The above notwithstanding, the CPP government maintained a budget surplus and a positive balance of external trade from 1951 to 1955. In 1953-54, for example, 10% of the gross national product was saved.
Thus “the Government put aside for public development ₤1 out of every ₤10 worth of wealth produced.” During the same period, “the corresponding figure for public saving in the United Kingdom was just over 3% of the gross national product,” while that of “the United States was just under 2%” (Nkrumah, “I Speak of Freedom”).
By its judicious fiscal policies between 1951 and 1955, Nkrumah’s internal-self government raised the national income from ₤20 million to ₤65 million per annum, while expenditure rose from ₤14 million to ₤52 million. Besides, the government redeemed its external debts, whilst the country’s assets from all sources amounted to nearly ₤100 million by 1955 (Nkrumah, “I Speak of Freedom,”).
From these investments and savings (including dividends derived from the mining industry between 1952 to 1955), Nkrumah’s internal self-government designed its Five Year Development Plan and embarked on developmental projects (without outside loans).
They included: compulsory elementary school education, construction of secondary schools, teacher training colleges, technical institutes (all under the Accelerated Development Plan for Education), hospitals, nursing and midwifery schools, public health program and centres, roads and railways, the Adomi Bridge, Tema Harbour, tarring of Accra to Kumasi and Accra to Takoradi roads, Kumase College of Technology and the present University of Ghana campus. For example, attendance of the teacher training colleges, nursing and midwifery schools, Kumasi College of Technology (now KNUST) and the University of the Gold Coast were free with stipend.

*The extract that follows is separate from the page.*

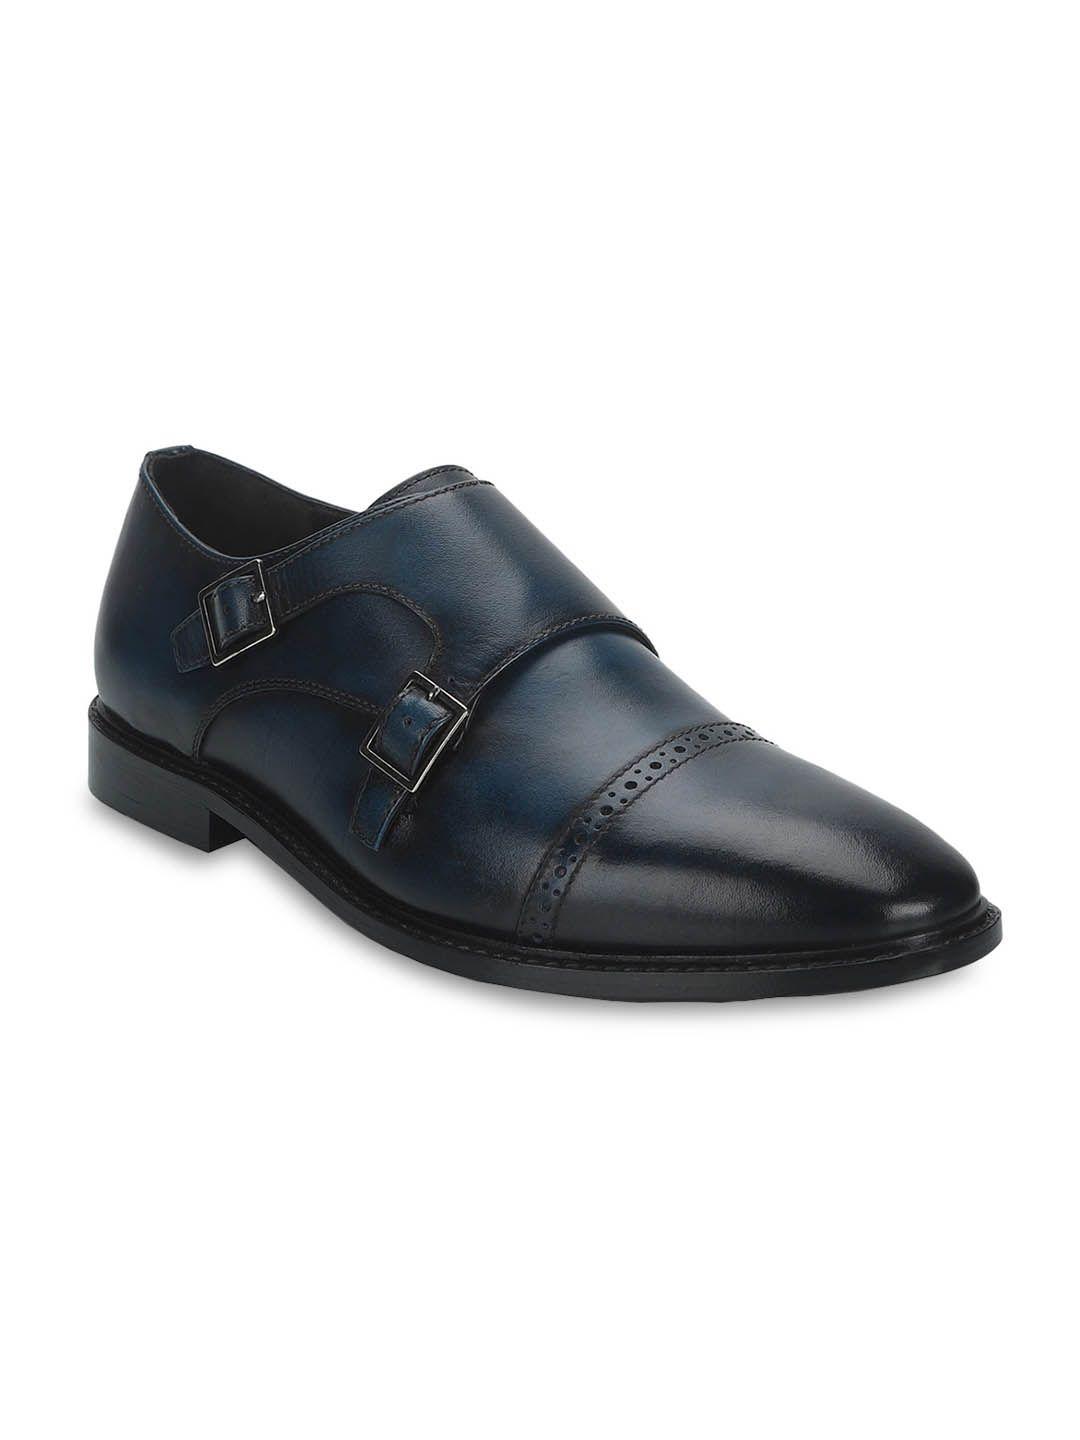 saint g men navy blue solid leather formal monk shoes

(As a child in 1952, I saw the conversion of the feeder road from Accra to Kumase via Ettokrom to a tarred road covered with bitumen for the first time; and, my age group had fun stepping on the freshly sticky bitumen in the evenings).
Prof. Adu Boahen authenticated the Nkrumah internal self-government’s outstanding achievements in the 1950s in Basil Davidson’s documentary, “The Rise of African Independence,” when he said: “The 1950s, to me, were the most important, the most fascinating period, the period of independence…… This was a period when far more was achieved between 1951 and 1954; [I] saw a pace of development in this country, which has never [been] seen.”
But the exceptional pace of development Prof. Adu Boahen spoke about did not only result from developmental and planned economy, but it was also due to Nkrumah’s philosophy of self-determination and self-reliance (by taking over the country’s natural resources). As a matter of fact, Nkrumah’s holistic achievement (in the areas of educational, socio-economic and industrial developments) has been recorded as one of the fastest in a post-colonial history. Sad to say that these principles of self-determination, self-reliance and human-centered policies are what have been lacking in Ghana’s public policies since the CIA sponsored military coup of February 24, 1966.
As the foregoing discourse has elucidated, the $500.00 million or its equivalent in the British sterling in the British reserves at the time of Ghana’s independence was the making of the Kwame Nkrumah internal self-government from 1951 to 1956.
(We should bear in mind that Kwame Nkrumah surrounded himself with some of the economic giants at the time as his advisors; they included Sir Arthur Lewis, Nobel Memorial Prize in Economics and the Cambridge economist, Prof. Nicholas Kaldor.)
In this respect, the claim of huge sums of money the British left for Kwame Nkrumah’s post-independence regime is a fallacy and not supported by historical records or any economic fact.